Movement in the Margin

I've taken down a couple of blogs that were to the right simply because the authors seem to have quit posting! Still cool people, but no bloggage. And I've changed my links. More to come when I have time.

But I don't have time. This weekend I'm slammed with work. I'd like to write more up here but with a family and career...it's very hard to make the moments happen during the semester. When I read something like this piece of brilliance I'm further staggered. Everyone I read online is a good writer, but Romy's blog is the best I know, even among the 'famous' bloggers, most of whom deserve little fame. I have so much to write about from my life history I'd like to reach in that direction, but not at the moment. I'm going to submit some poems and a short essay along with my poet buddies (who are all quite published, and two sorta famous), and I haven't started my piece of that either. Five classes (a rare schedule) plus a new lit. class and a new book in my freshman comp...plus applying to another college (still heard nothing) has drained me.

Then there's my tests. Body tests. Pokes and probes and peeks.

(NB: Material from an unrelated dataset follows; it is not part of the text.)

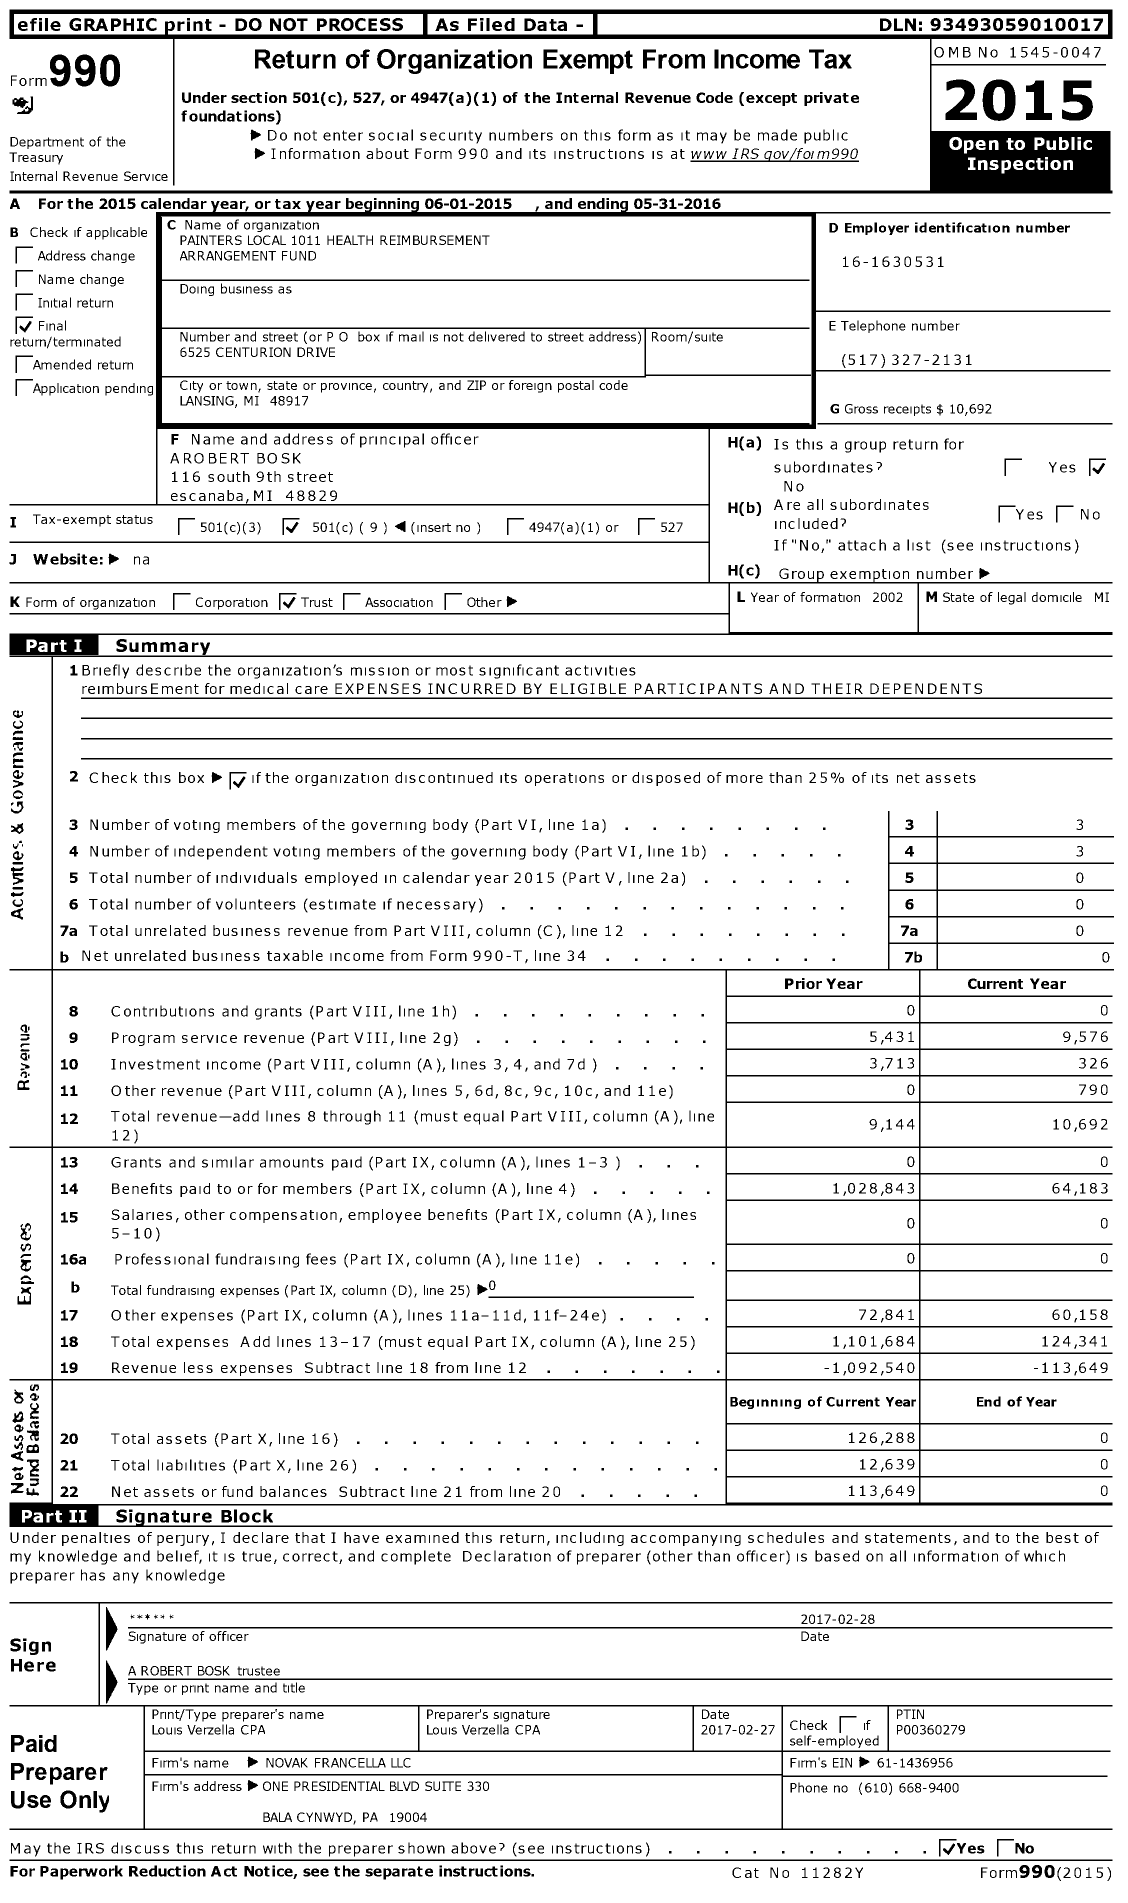 Image of first page of 2015 Form 990O for Painters Local 1011 Health Reimbursement Arrangement Fund

My liver values were all back to normal a couple weeks ago after they spiked during the holiday drinking season; but my heartburn has gotten chronic in the last year and I finally had the endoscopy yesterday. An endoscopy is a very modern way of crawling into the belly. They told me I'd go into 'twilight sleep' during the procedure. Twilight as in stupor maybe. I was unconscious man. Benzodiazapene and morphine derivative. The last thing I remember is the doc coming in and asking, 'why is he still awake?' I suppose it's better to be sedated, completely, while someone sticks a 30 inch black tube through your vocal cords into your belly (and then takes little pieces of said belly out) but the fasting beforehand, and the heroin hangover all day today, both took their toll on my work week. Part of the reason I'm doing this instead of grading online essays is that my head is still sleepy-cloudy, just a bit.

In three weeks, for those with true interest, I get a colonoscopy. I'll be sedated also, which somehow feels strange, those two things simultaneous. I win this prize because a couple relatives a generation or two back died of colon cancer. I can't complain, I'm glad they're going in to muse, but it's the true turning forty rite of passage. Not gray hair, not contemplations of mortality, not even the heartburn...'we're going to put you to sleep and stick this thing {gosh, I hope they use different scopes than for the endo procedure, autoclave notwithstanding} `way up your colon, all the way to where it joins the small intestine.' Pictures and souvenirs.

I see. What a job. No wonder they pay those people.

I know I'm lucky to be having all this done, but during the semester it's demanding. Most hopefully I don't end up with an interview at the new college during the week of my colonoscopy. I'll either be starving or dopered.

Peace, friends. Back to the essays I go. On the job front, I have been digging teaching am. lit. for the first time. Crane, Stein, Anderson, Eliot. What a couple of weeks. I know I truly am fortunate.

Comments

KMJ said…
T,
Tactfully addressed! Not that I can speak for anyone else, but Nat told me not too long ago that she forgot her login and password, so I don't expect any more posts from Bong Srei. Ah well, I have been looking at my links too, and should probably update...but haven't gotten there yet.